*** Opening Stored data ***

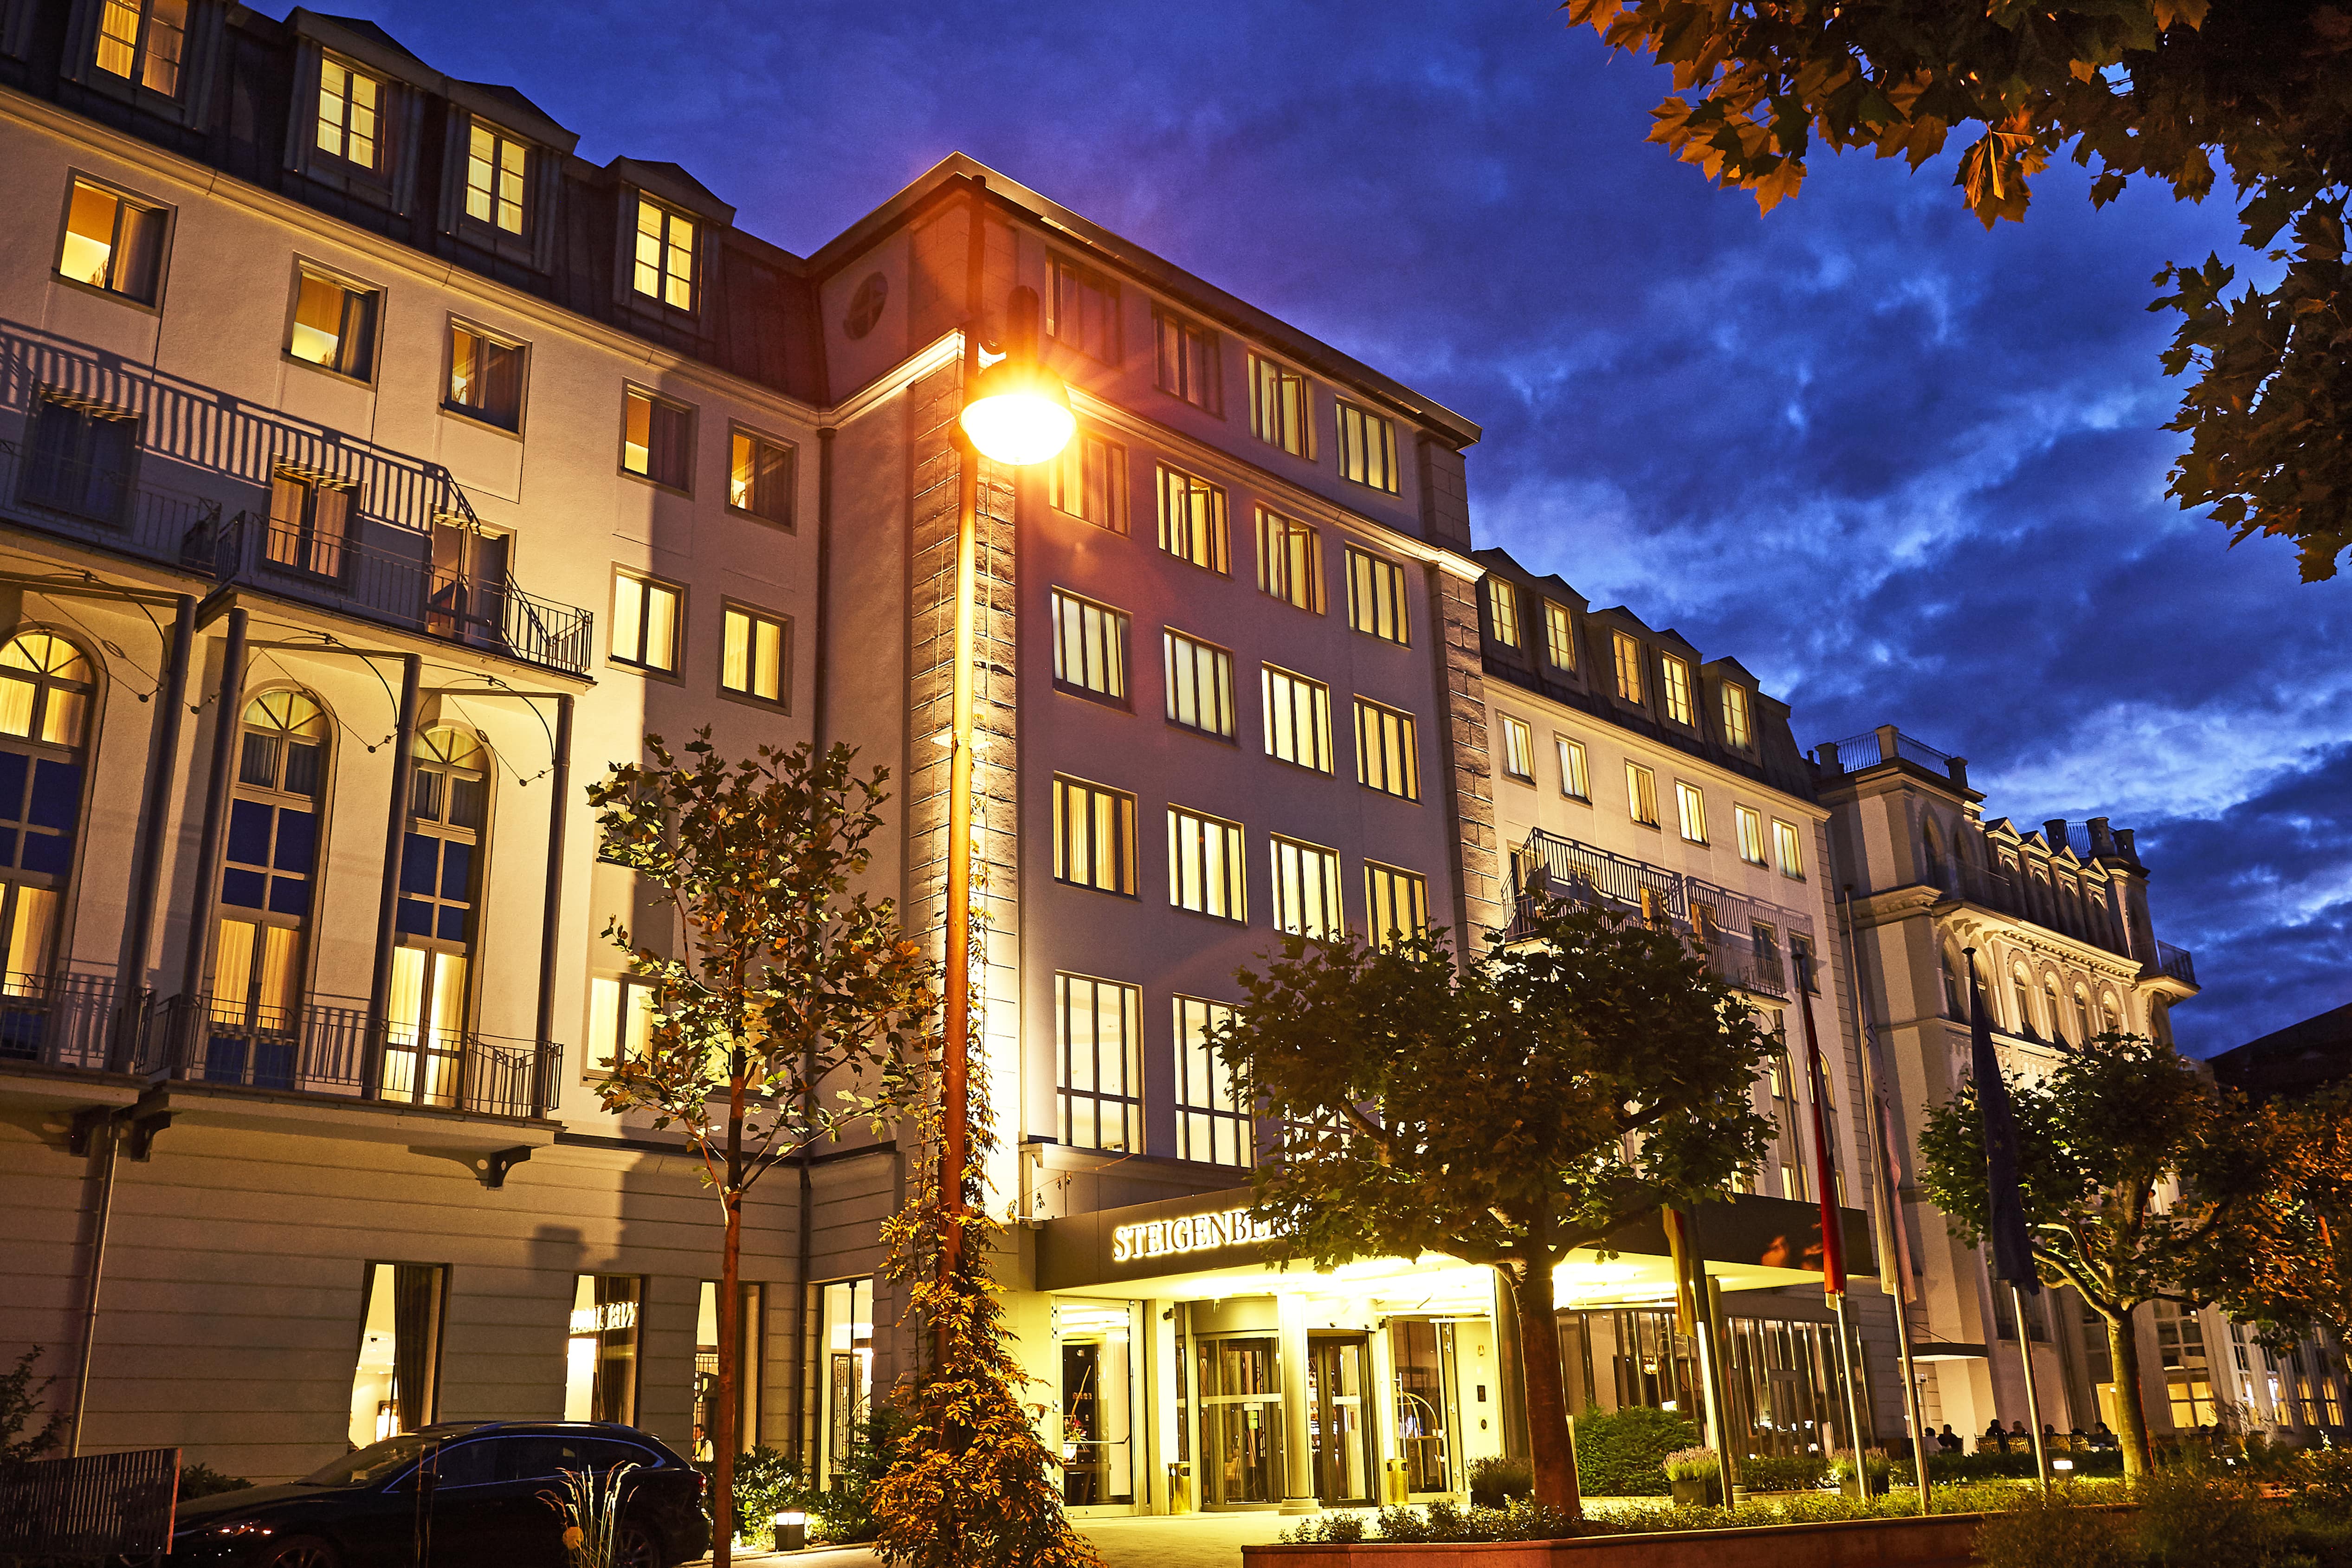 Steigenberger Hotel Bad Homburg Impression
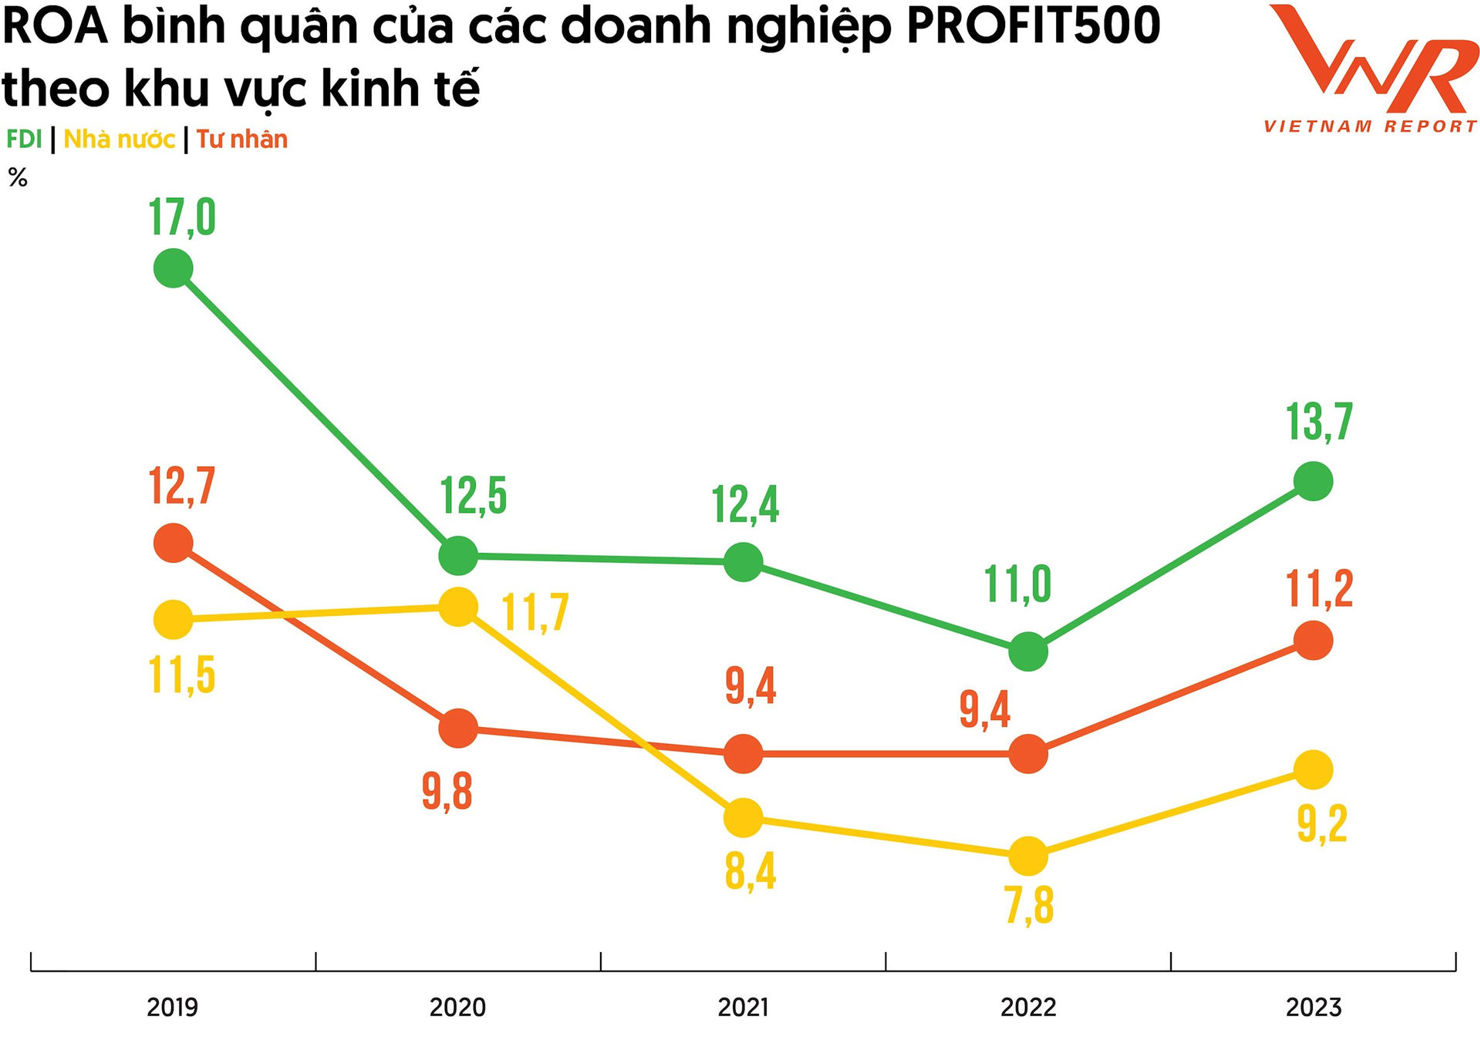 Thống k&ecirc; từ Bảng xếp hạng PROFIT500 giai đoạn 2019-2023. Nguồn:&nbsp;Vietnam Report
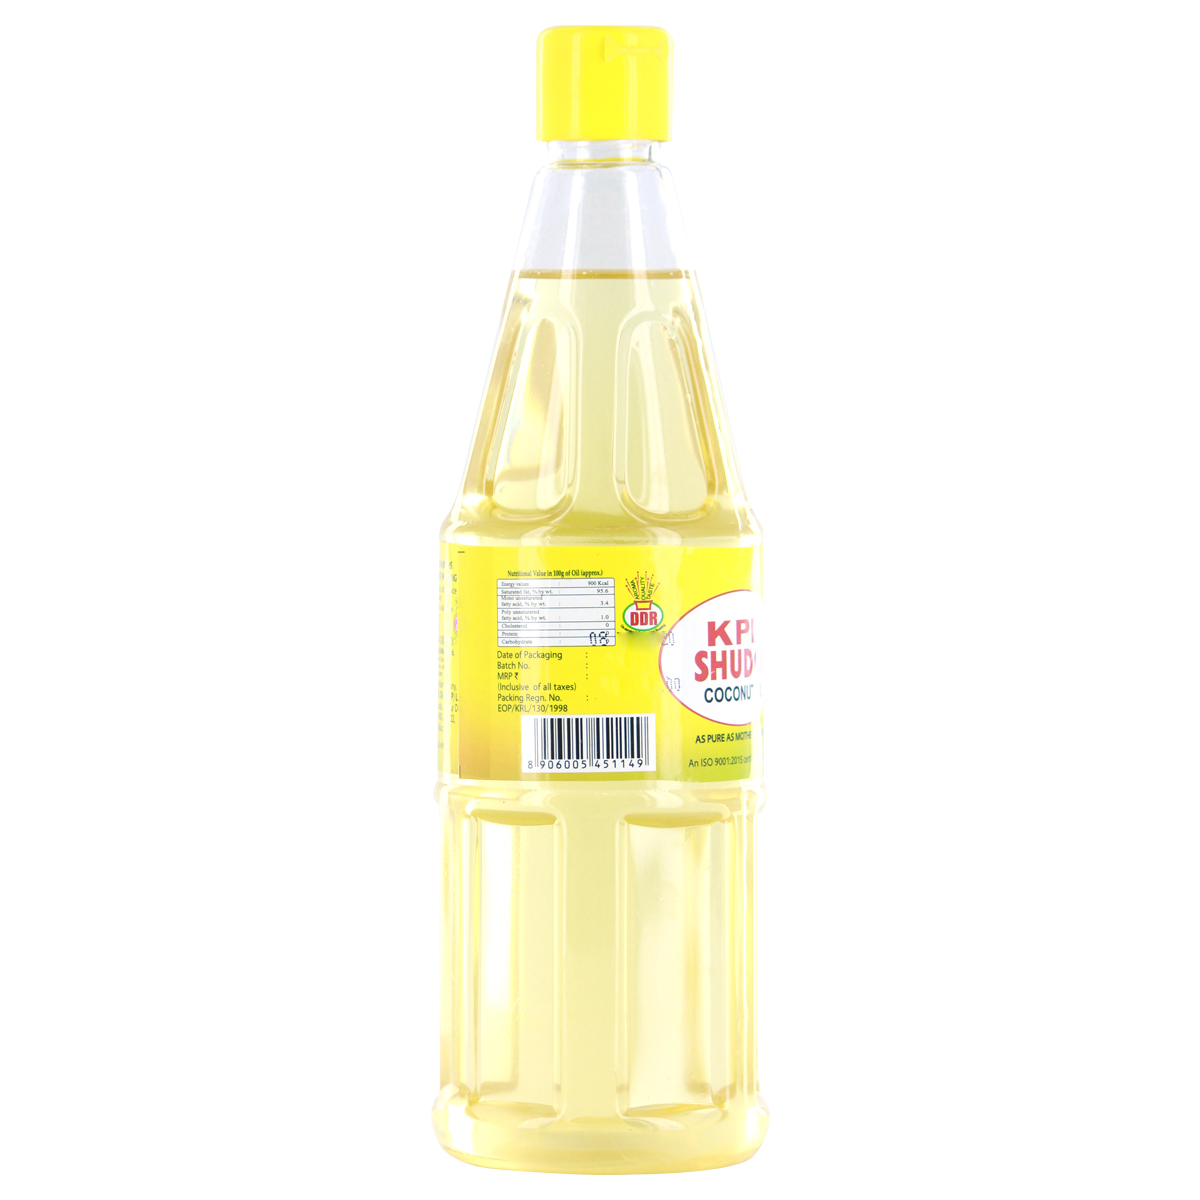 KPL Shudhi Coconut Oil Pet Bottle 500ml

*** Closing Stored data ***

→ **Exercise description**:
Restate the data above exactly, stripping out each image.

→ **Task result**:
 Steigenberger Hotel Bad Homburg Impression
 Thống k&ecirc; từ Bảng xếp hạng PROFIT500 giai đoạn 2019-2023. Nguồn:&nbsp;Vietnam Report
 KPL Shudhi Coconut Oil Pet Bottle 500ml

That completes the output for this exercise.